# Where did the angle convention originate?

Where did the angle convention (in mathematics) come from?

One would imagine that a clockwise direction would be more 'natural' (given sundials & the like, also a magnetic compass dial).

Also, given time and direction conventions, one would imagine that the zero degree line would be vertical.

There are two parts to this question: (1) Why do we measure angles anticlockwise? (2) Why do we take the zero degree line to be along the $x$-axis.

• I don't know the history but now I'm curious too - good question! Before Descartes, presumably there was already a standard depiction of the number system as a horizontal line, with direction of increase being to the right as that's the direction of writing in Europe. (In versions of software localized for Semitic languages, the direction of increase is R->L, and e.g. the order of "OK Cancel" buttons gets reversed.) Perhaps Descartes built upon the existing 1D portrayal and used the next available dimension. Whether here or in Arabia, the vertical direction of increase is up, not down. (cont) – BrianO Oct 30 '15 at 3:21
• @BrianO: The cultural aspect never occurred to me! – copper.hat Oct 30 '15 at 3:25
• Given that orientation, and sin, cos and tan being what they are, it seems the direction of increase for angles has to go from $\theta=0$ at $(1,0)$ to $0 < \theta < \frac {\pi} 2$ in the first quadrant -- hence, counterclockwise. // This all sounds plausible, anyway to me(!)... but take with a boulder of salt: I've never read Descartes on analytic geometry, nor checked out manuscripts of Nicolas of Cusa, etc. – BrianO Oct 30 '15 at 3:25
• @BrianO sounds very plausible. – Ben Grossmann Oct 30 '15 at 12:08
• This question has essentially been asked and answered on History of Science and Mathematics over here. The post there was inspired by the same ME.SE post. I suggest to merge this post with the HSM post. – Danu Oct 30 '15 at 21:08

## 3 Answers

This is by no means answering the question as it is. However, It is just to give a historical piece (taken from "The history of Stokes' Theorem" written by Katz) that might come handy when thinking of the first part of the question (CW vs. CCW or ACW).

As it can be seen, Green's theorem as introduced by Cauchy is undecided about the orientation of the curve.

I repeat that I didn't attempt to answer the question as asked. I just try to extend the question a bit hoping that it helps us to find the answer (if any) to the original question.

We measure the angles with the $x$-axis. So one of the arm of the angle is $x$-axis and the other arm is also on $x$-axis if the angle is zero. This is why we take zero degree line along the $x$-axis.

In rectangular coordinate system we have four quadrants. Now we move the second arm which is fixed to the origin. When we move the second arm in counter clockwise direction then we have pattern of going from quadrant I-II-III-IV.

In history mathematicians worked on height and distance problems in which they were required to find height of a tower(say) without directly measuring it.

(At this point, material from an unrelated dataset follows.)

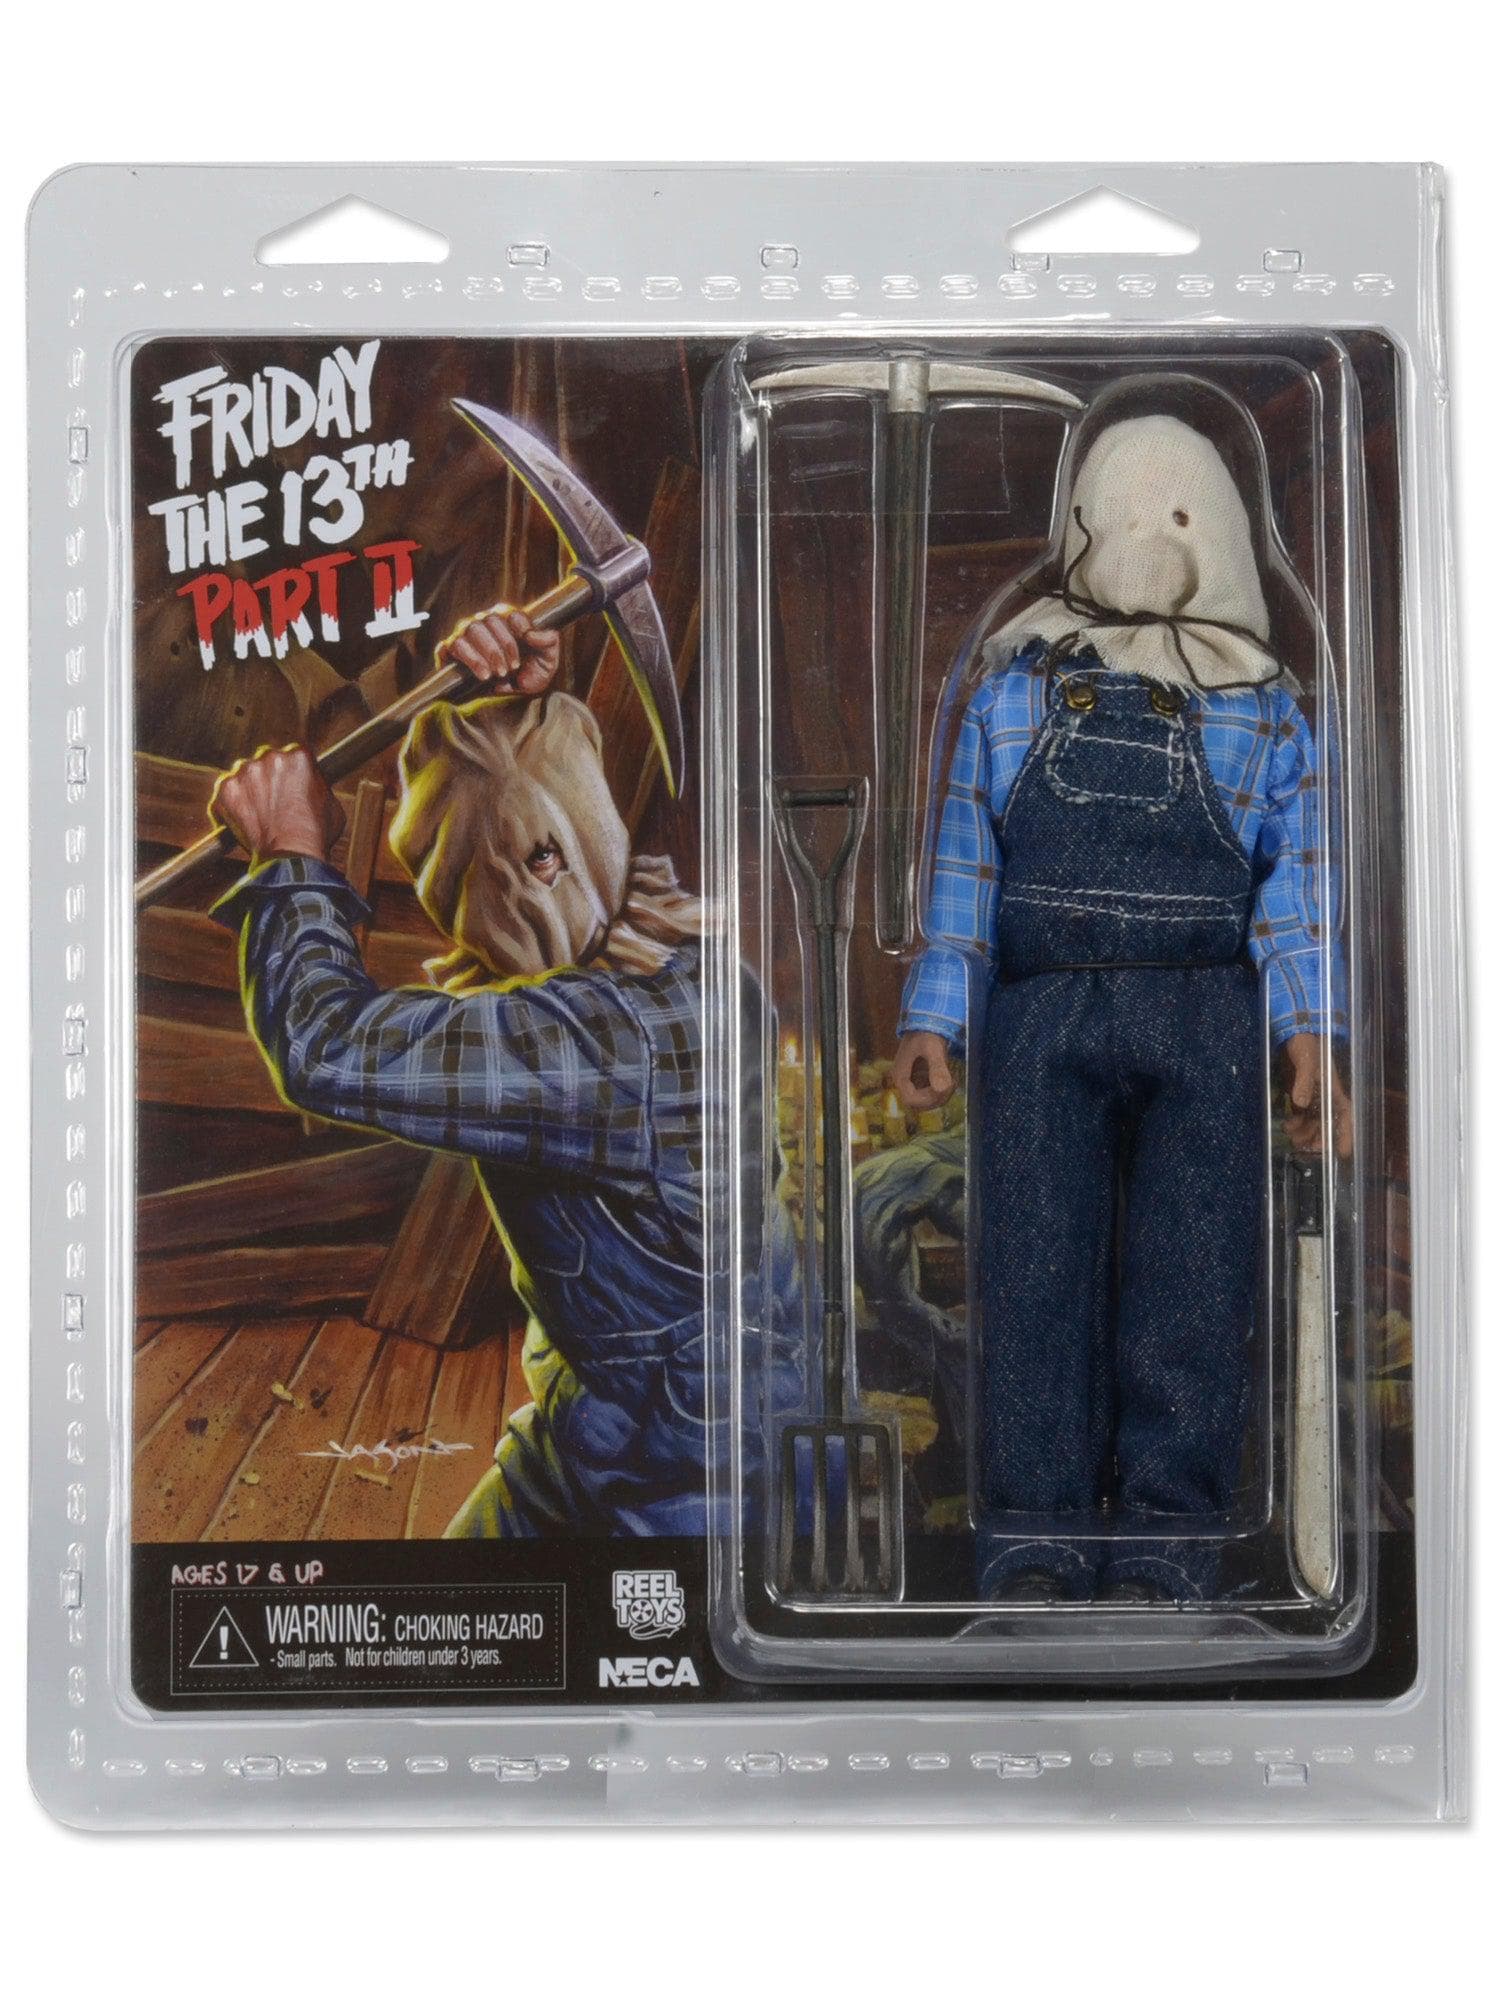 NECA - Friday the 13th - 8" Clothed Figure - Jason Part 2 - costumes.com
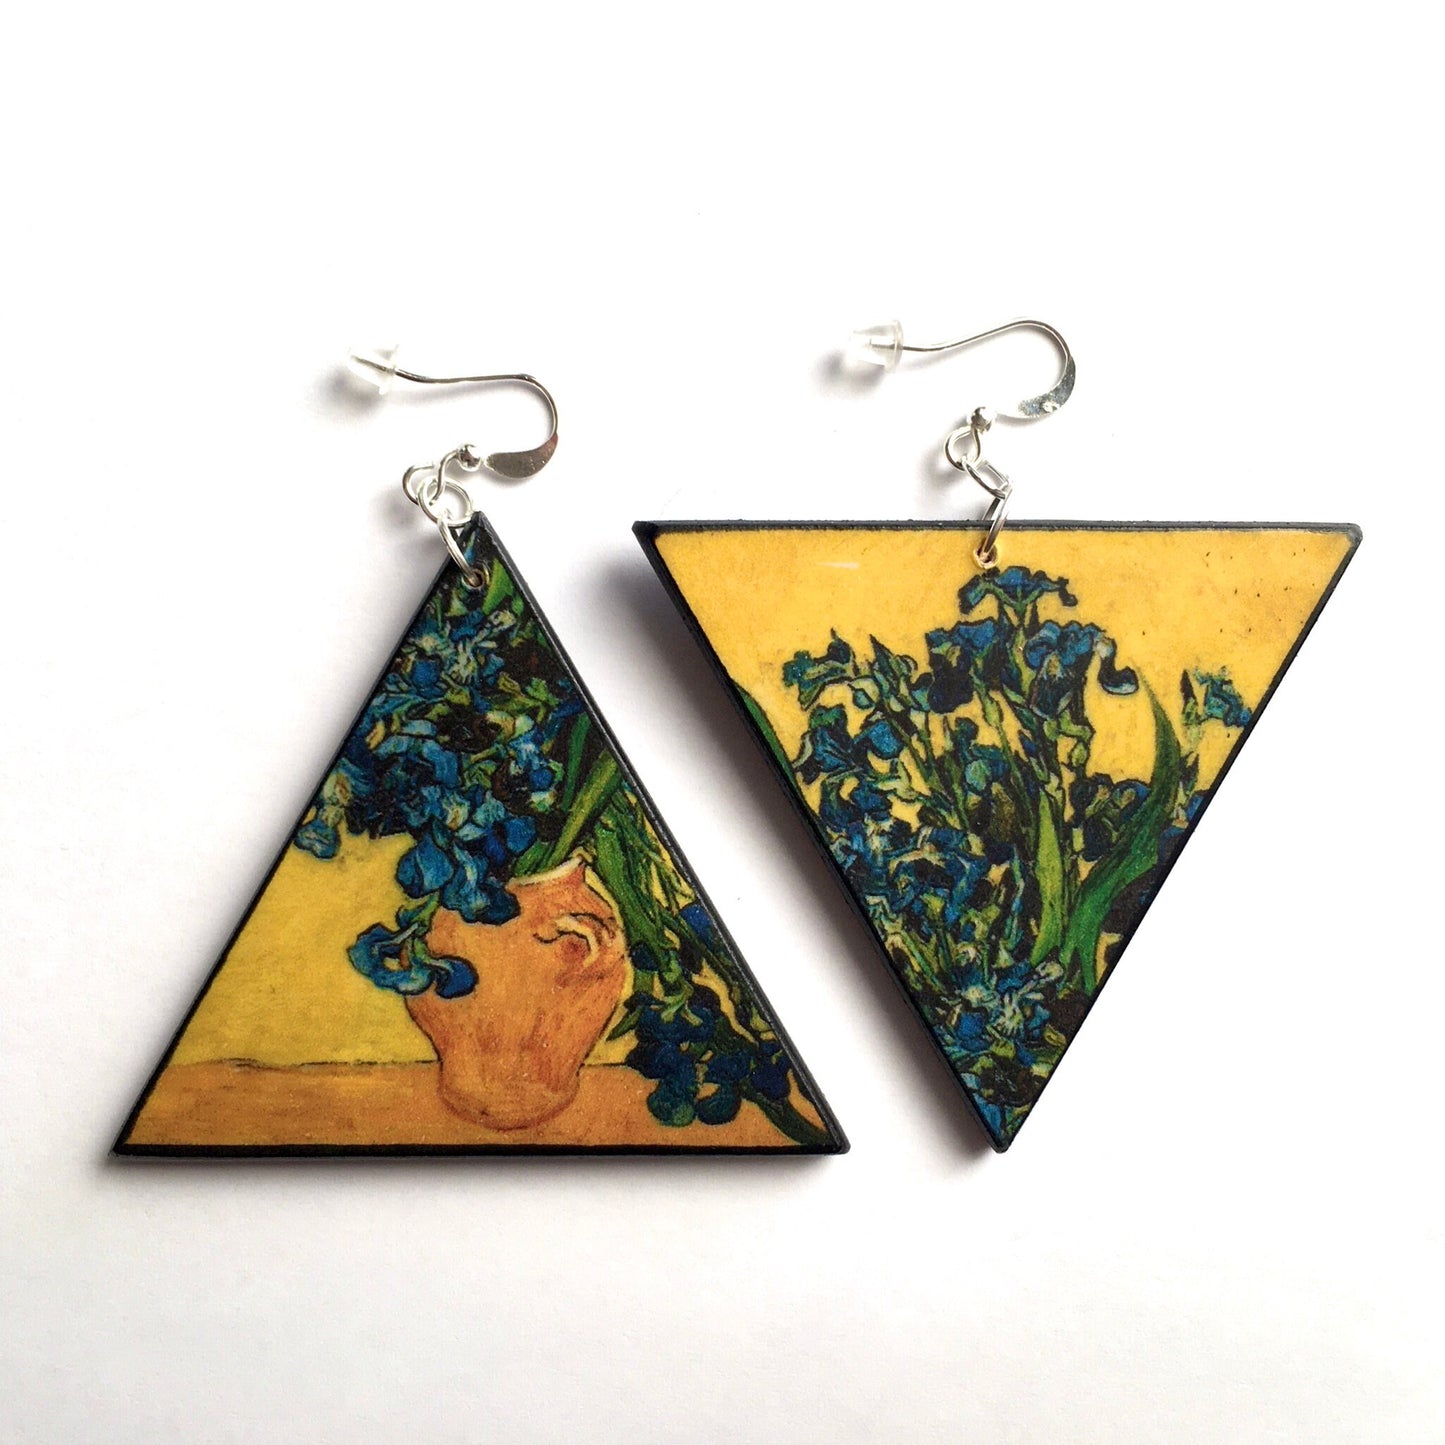 Van Gogh inspired Obljewellery. These triangular, asymmetrical earrings, with a detail of the painting Vase with Irises against a Yellow Background are made with sustainable wood.

In those problems they required to find the angle between the line of sight(seeing the highest point on the tower) and the surface of Earth. This means we go counter clockwise for measuring the angle.

Today we have coordinate transformation so we can always define everything in new coordinate system according to are convenience.

In my class text book of mathematics while doing trigonometry I found this problem and I searched for the solution. Above thing is what I got while searching for the solution.

• I would suspect that the sun and astronomy would have had a greater influence on convention. In any case, the above doesn't show why you would measure angles in an anticlockwise manner. – copper.hat Oct 30 '15 at 3:46

It is perhaps "natural" to adopt these two conventions:

1. The zero angle "should" correspond to the positive $$x$$-axis.
2. Small but positive angles "should" be in the quadrant where $$x$$ and $$y$$ are positive.

Given that we also adopt the convention that the $$x$$-axis points rightwards and the $$y$$-axis points upwards, the anticlockwise convention then also necessarily follows.